Some former CIA agents agree that the policies made their jobs harder and hurt morale.
''[The rule] did make the workday a lot easier,'' former CIA field officer Robert Baer told the New Yorker last week. ''I just watched CNN. No one cared.''
Baer said that after the new regulations were put in place, recruitment of sources fell to the point where the CIA had no agents in central Asian nations Uzbekistan and Tajikistan, which are also threatened by Islamic militants.
Some lawmakers agree with Woolsey. Sen. Bob Graham, a Florida Democrat who leads the Senate Intelligence Committee, told CNN that the restrictive regulations might be ''one of the prime factors'' in the failure to predict the attacks.
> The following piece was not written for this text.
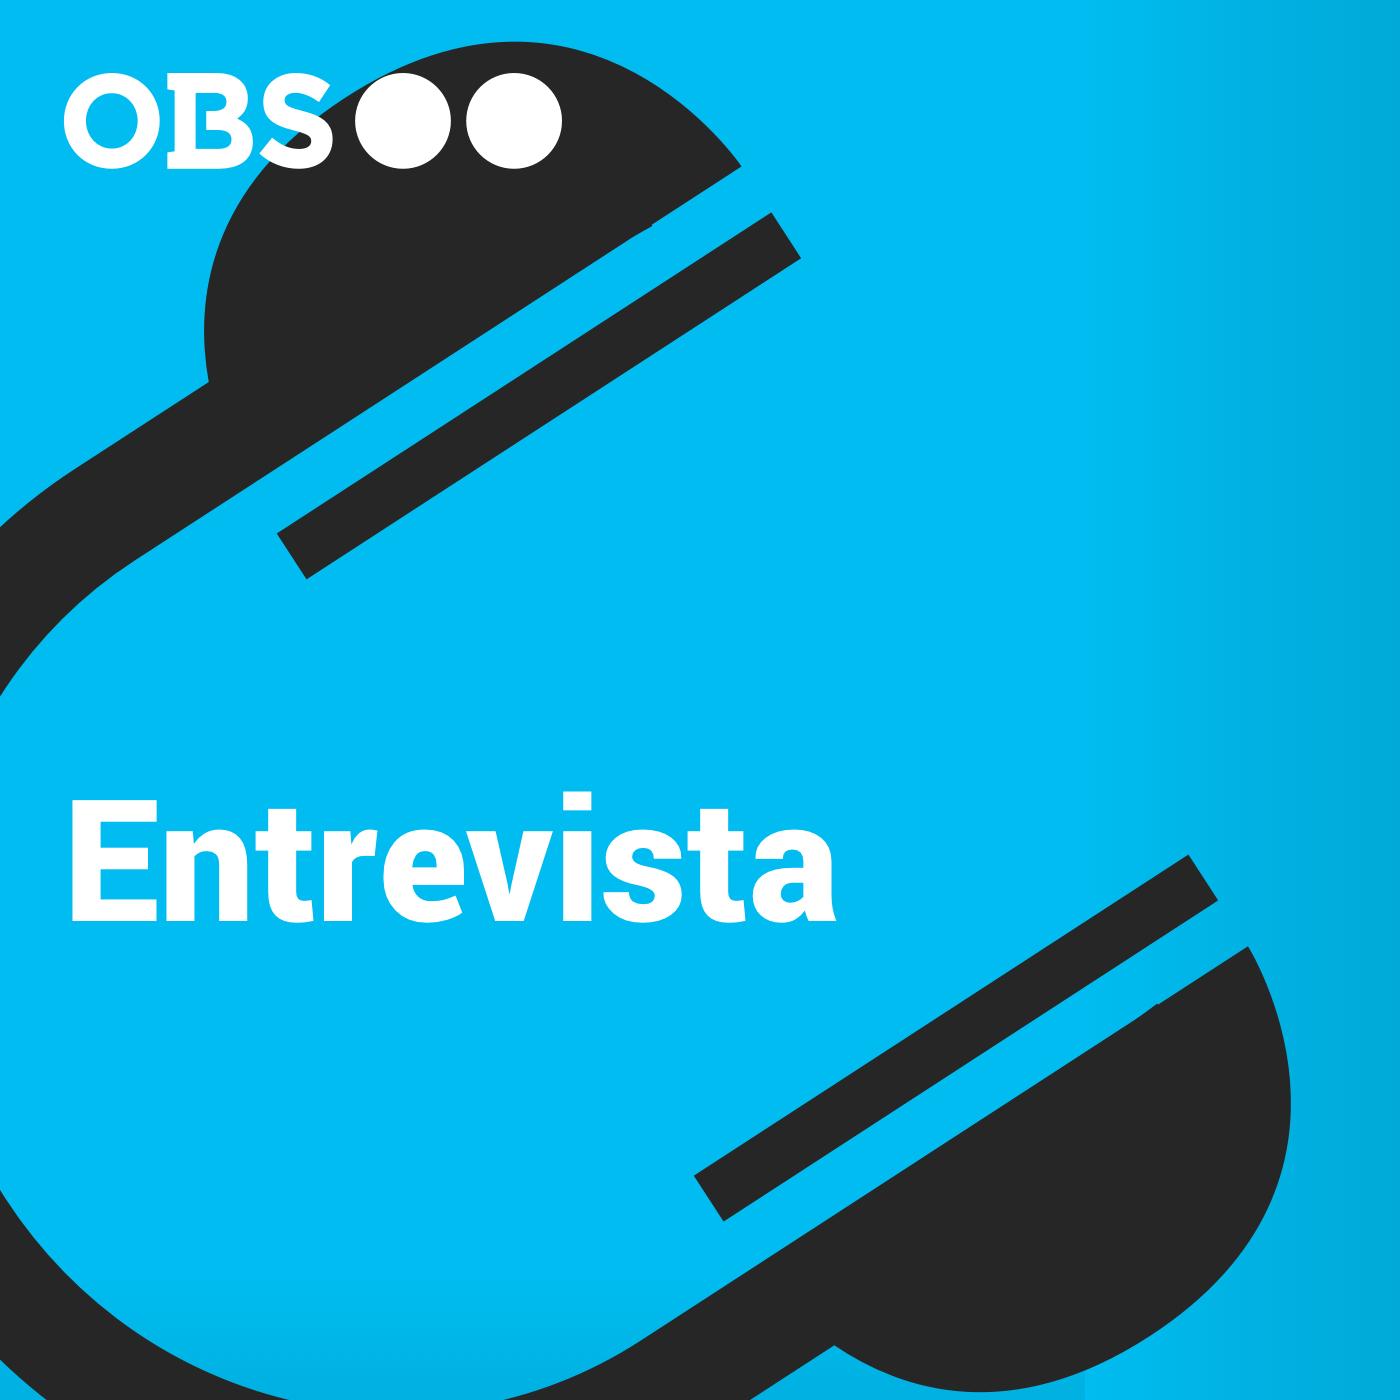 Entrevista - Observador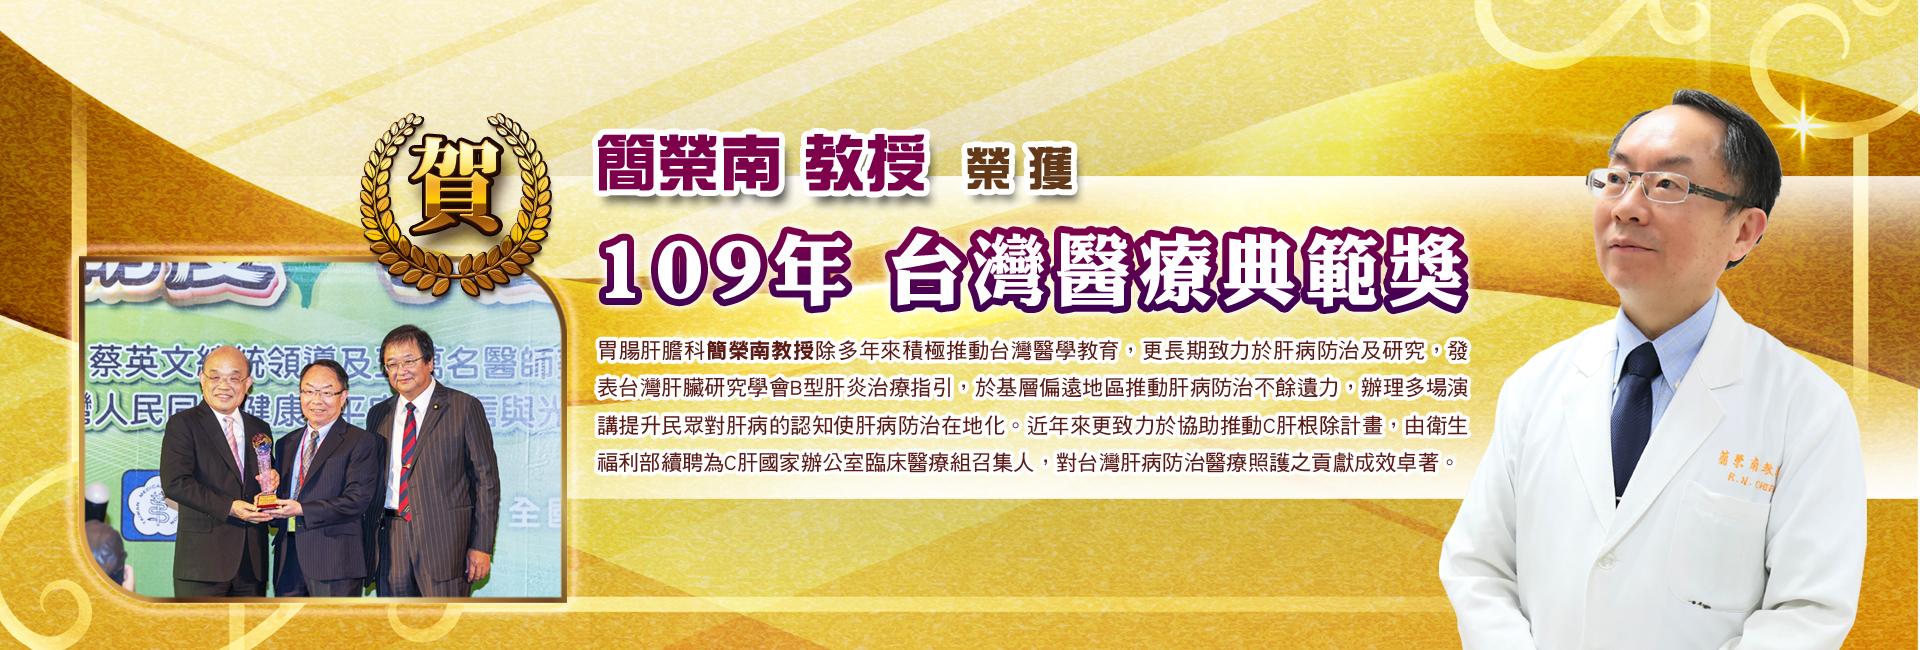 簡榮南副院長醫療典範獎

He said the kind of people needed to infiltrate terrorists groups don't ''come out of monasteries.''.
On NBC's ''Meet the Press'' on the Sunday after the bombing, Vice President Dick Cheney appeared to support revoking that standard.
''If you're going to deal only with sort of officially approved, certified good guys, you're not going to find out what the bad guys are doing,'' Cheney said. ''You need to have on the payroll some very unsavory characters if, in fact, you're going to be able to learn all that needs to be learned in order to forestall these kinds of activities.''
But some intelligence analysts agree with Torricelli that the policy isn't at fault.
''In this case of the September 11 attacks, I would say the policy is largely unrelated,'' said Dan Smith, chief of research at the Center for Defense Information.
Smith, who served as military intelligence officer for 23 years in U.S. Army, suggested that the hiring of ''unsavory characters'' can be a useful tool against larger terrorist groups like Hamas and Hezbollah, but may not be effective against Al-Qaeda and bin Laden.
''From what we know about the cellular nature and organization of Al-Qaeda, they seem to be based on extended families and long-term acquaintances,'' Smith said. ''It's very hard to penetrate that kind of organization because of its cellular nature.''.
Torricelli said Tuesday that accountability is important.
''We want the decision made by the CIA director, not by a field agent,'' Torricelli said. ''I don't think it's possible to infiltrate narcotics traffickers without using people who have had long relationships with them. But I think it is important to know that the people we have hired are not continuing to harm American citizens and others.''.
Next week, Torricelli said he would introduce legislation to establish a board of inquiry to determine why U.S. intelligence agencies failed to prevent the attacks. The panel may be modeled after the Warren Commission that probed the death of President John F. Kennedy, involving both public and private figures.
''I do not rise to cast blame, but I do ask for accountability,'' Torricelli said. Even though Congress has regular oversight of the CIA, the special review is warranted.
''There is a national tradition from Pearl Harbor to the Kennedy assassination to the Challenger disaster, a tradition of having the nation step back and doing some deep analysis of what went wrong,'' Torricelli said.